Since the records include pictures, leave those out while you reproduce exactly and only the lines from the one containing "215512e826b Beanie Babies" through the one containing "Year of the Hare -- Arto Paasilinna", inclusive.

====== MATERIAL PROVIDED ======

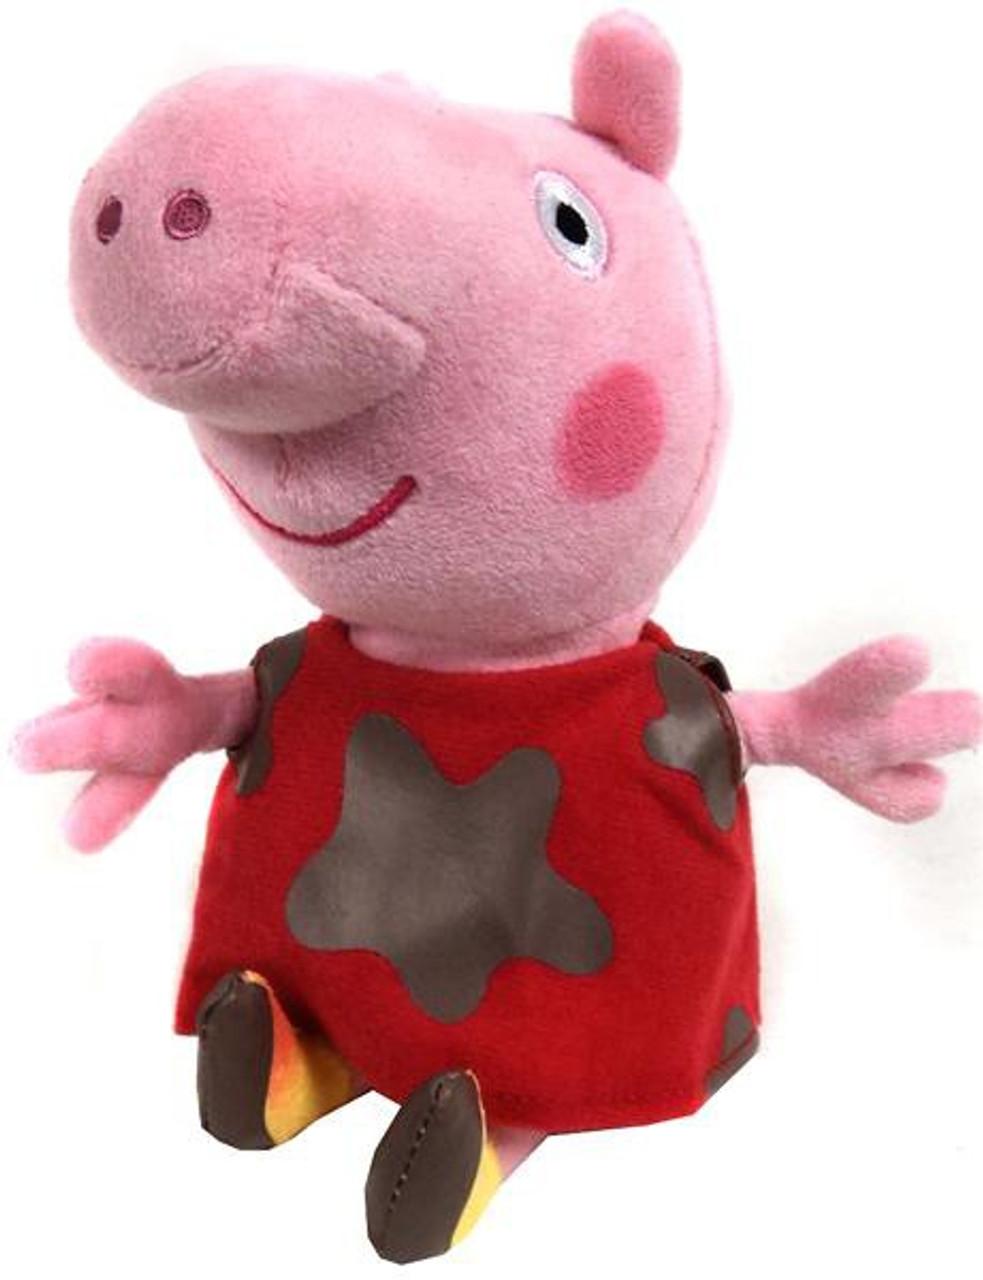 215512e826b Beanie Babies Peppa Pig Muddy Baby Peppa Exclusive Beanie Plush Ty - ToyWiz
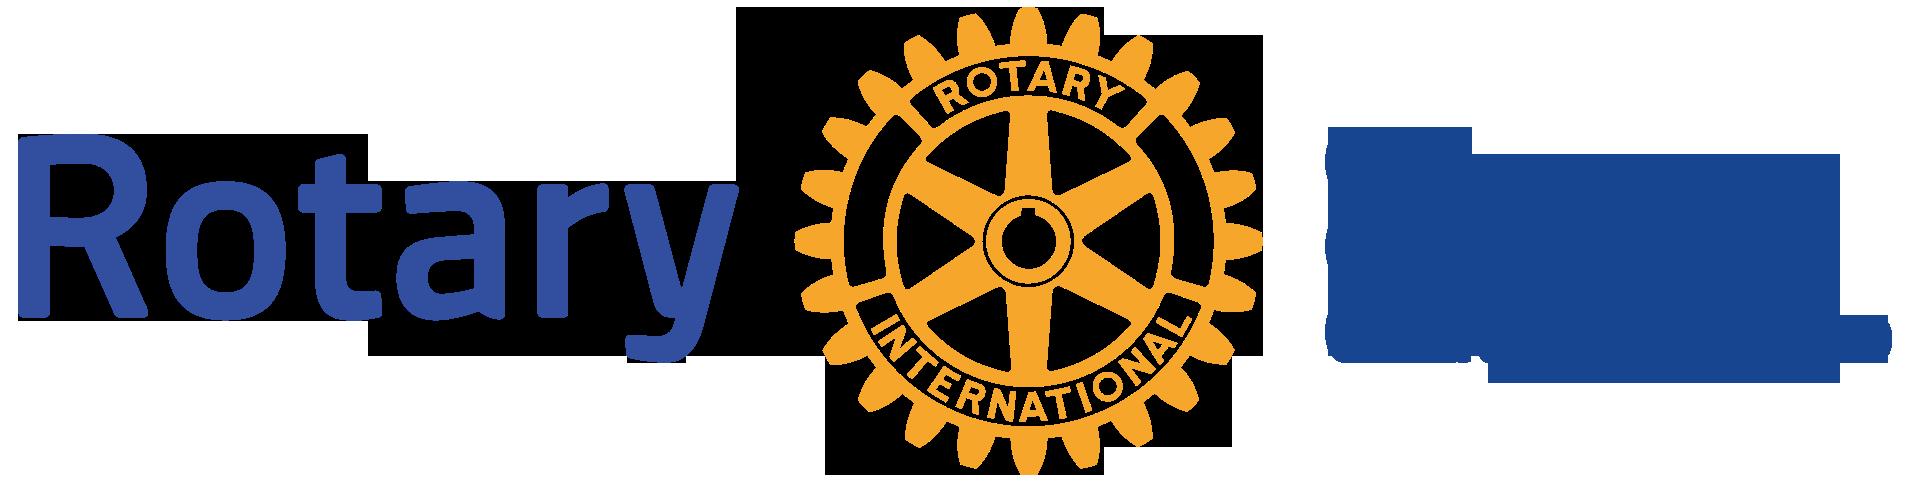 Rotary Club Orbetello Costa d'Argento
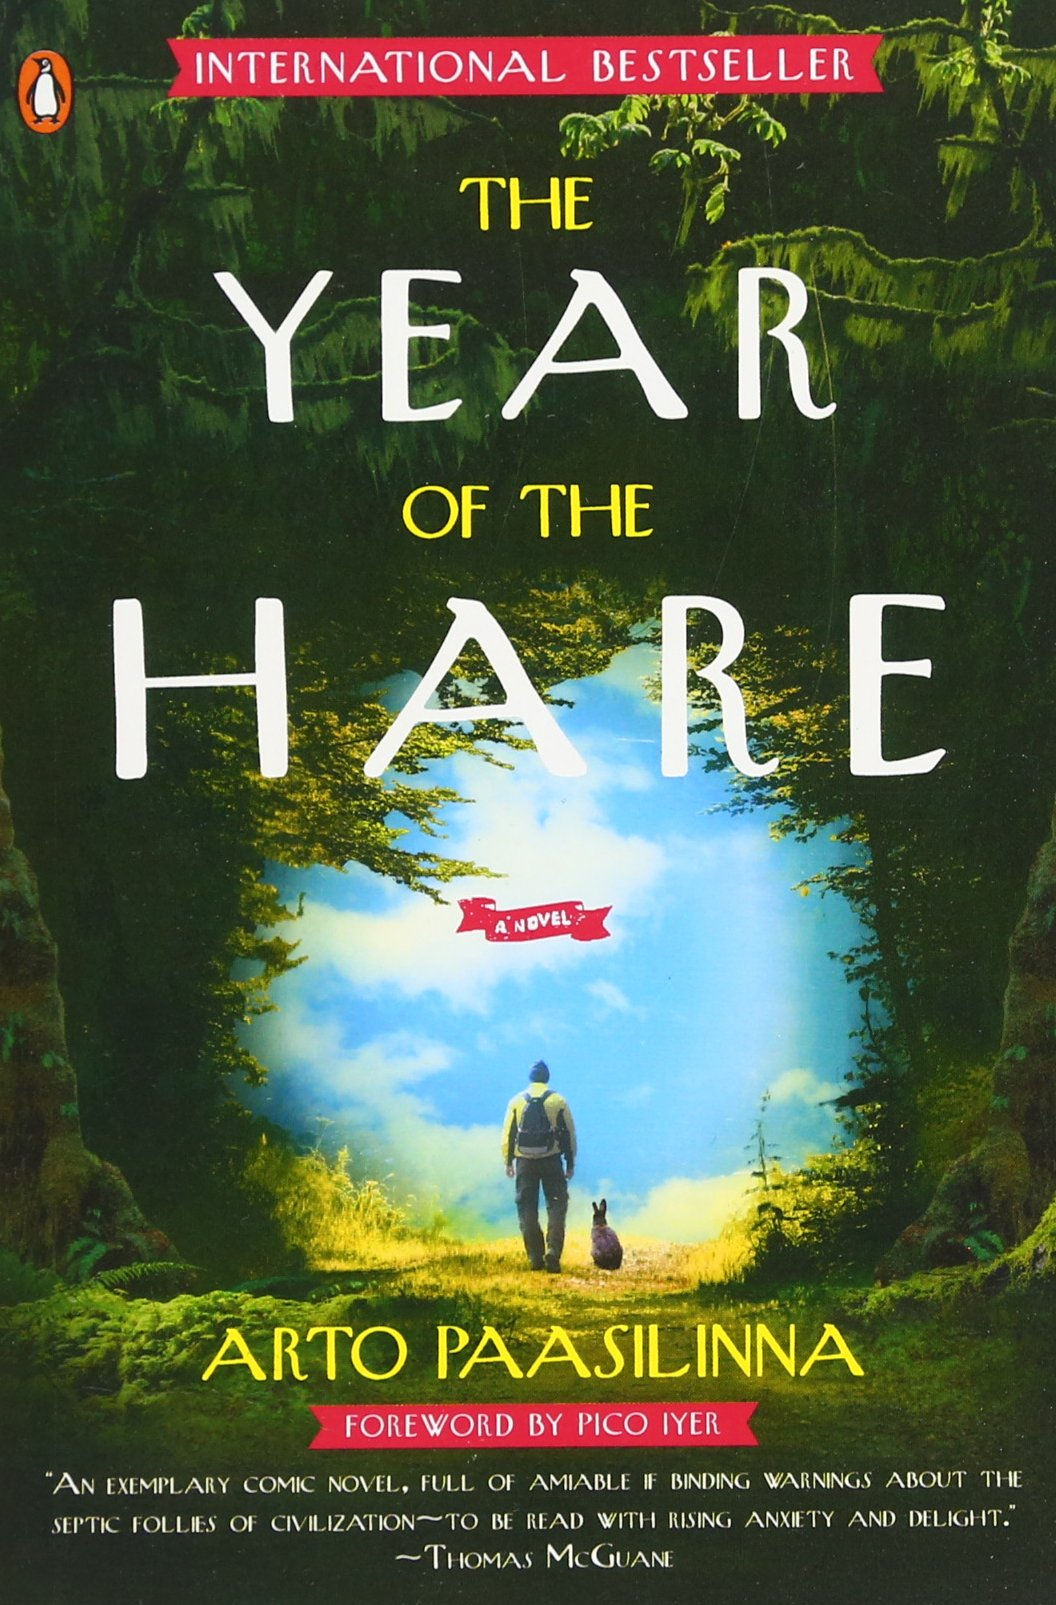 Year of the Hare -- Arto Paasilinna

======
====== MATERIAL PROVIDED ======

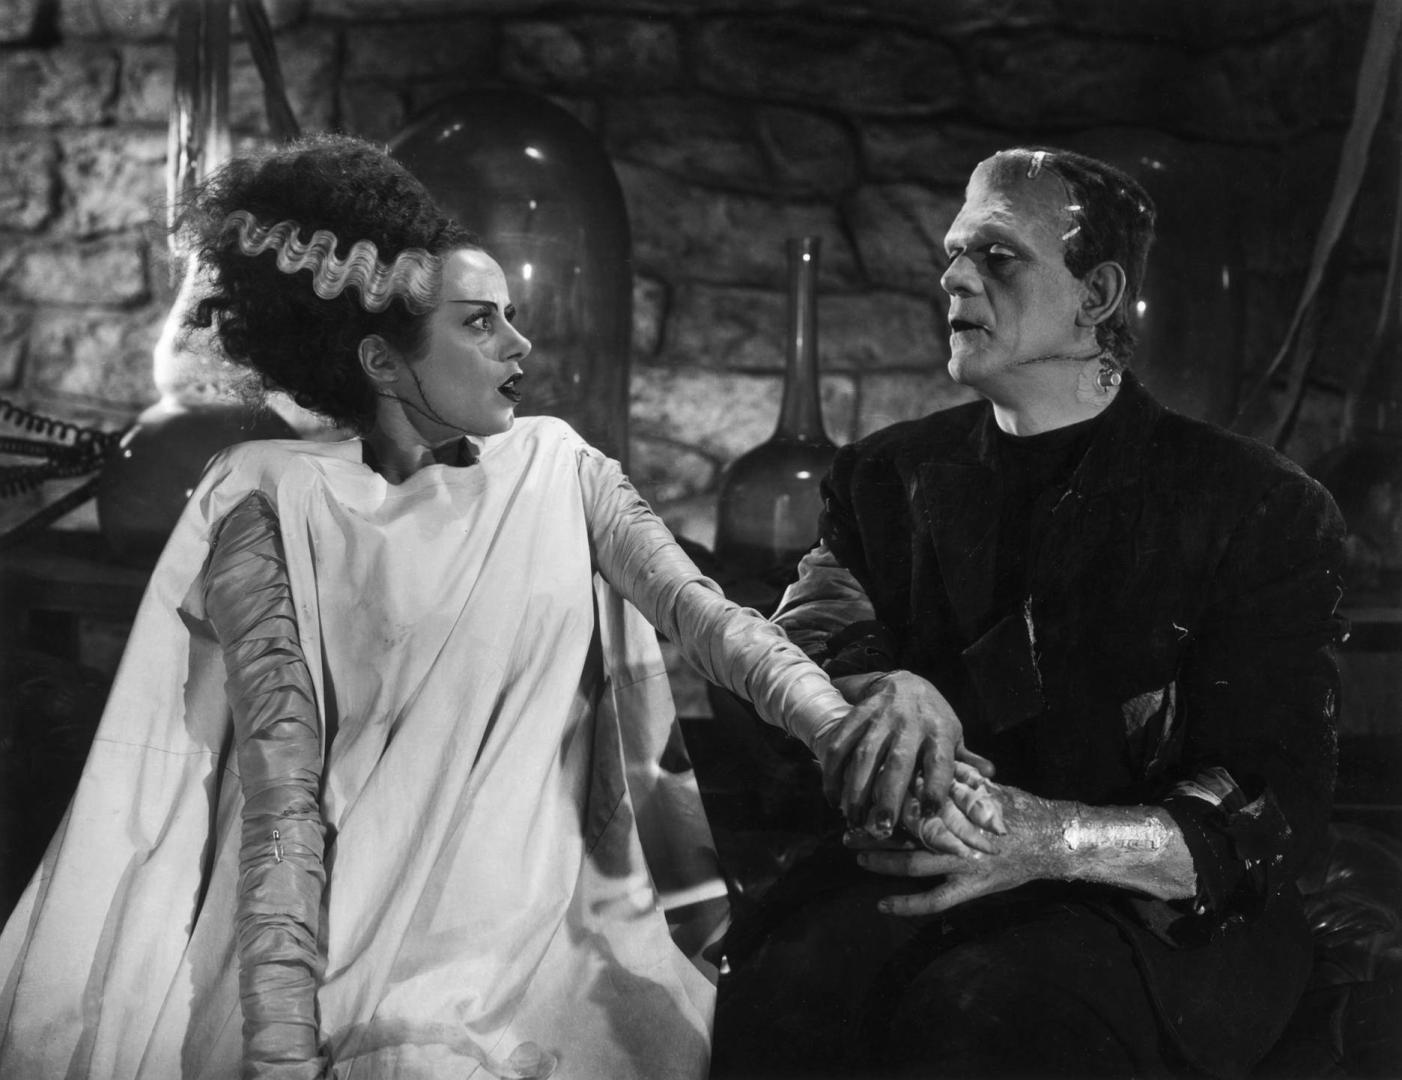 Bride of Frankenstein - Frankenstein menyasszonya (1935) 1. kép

======

# SOLUTION TO THE EXERCISE:
 215512e826b Beanie Babies Peppa Pig Muddy Baby Peppa Exclusive Beanie Plush Ty - ToyWiz
 Rotary Club Orbetello Costa d'Argento
 Year of the Hare -- Arto Paasilinna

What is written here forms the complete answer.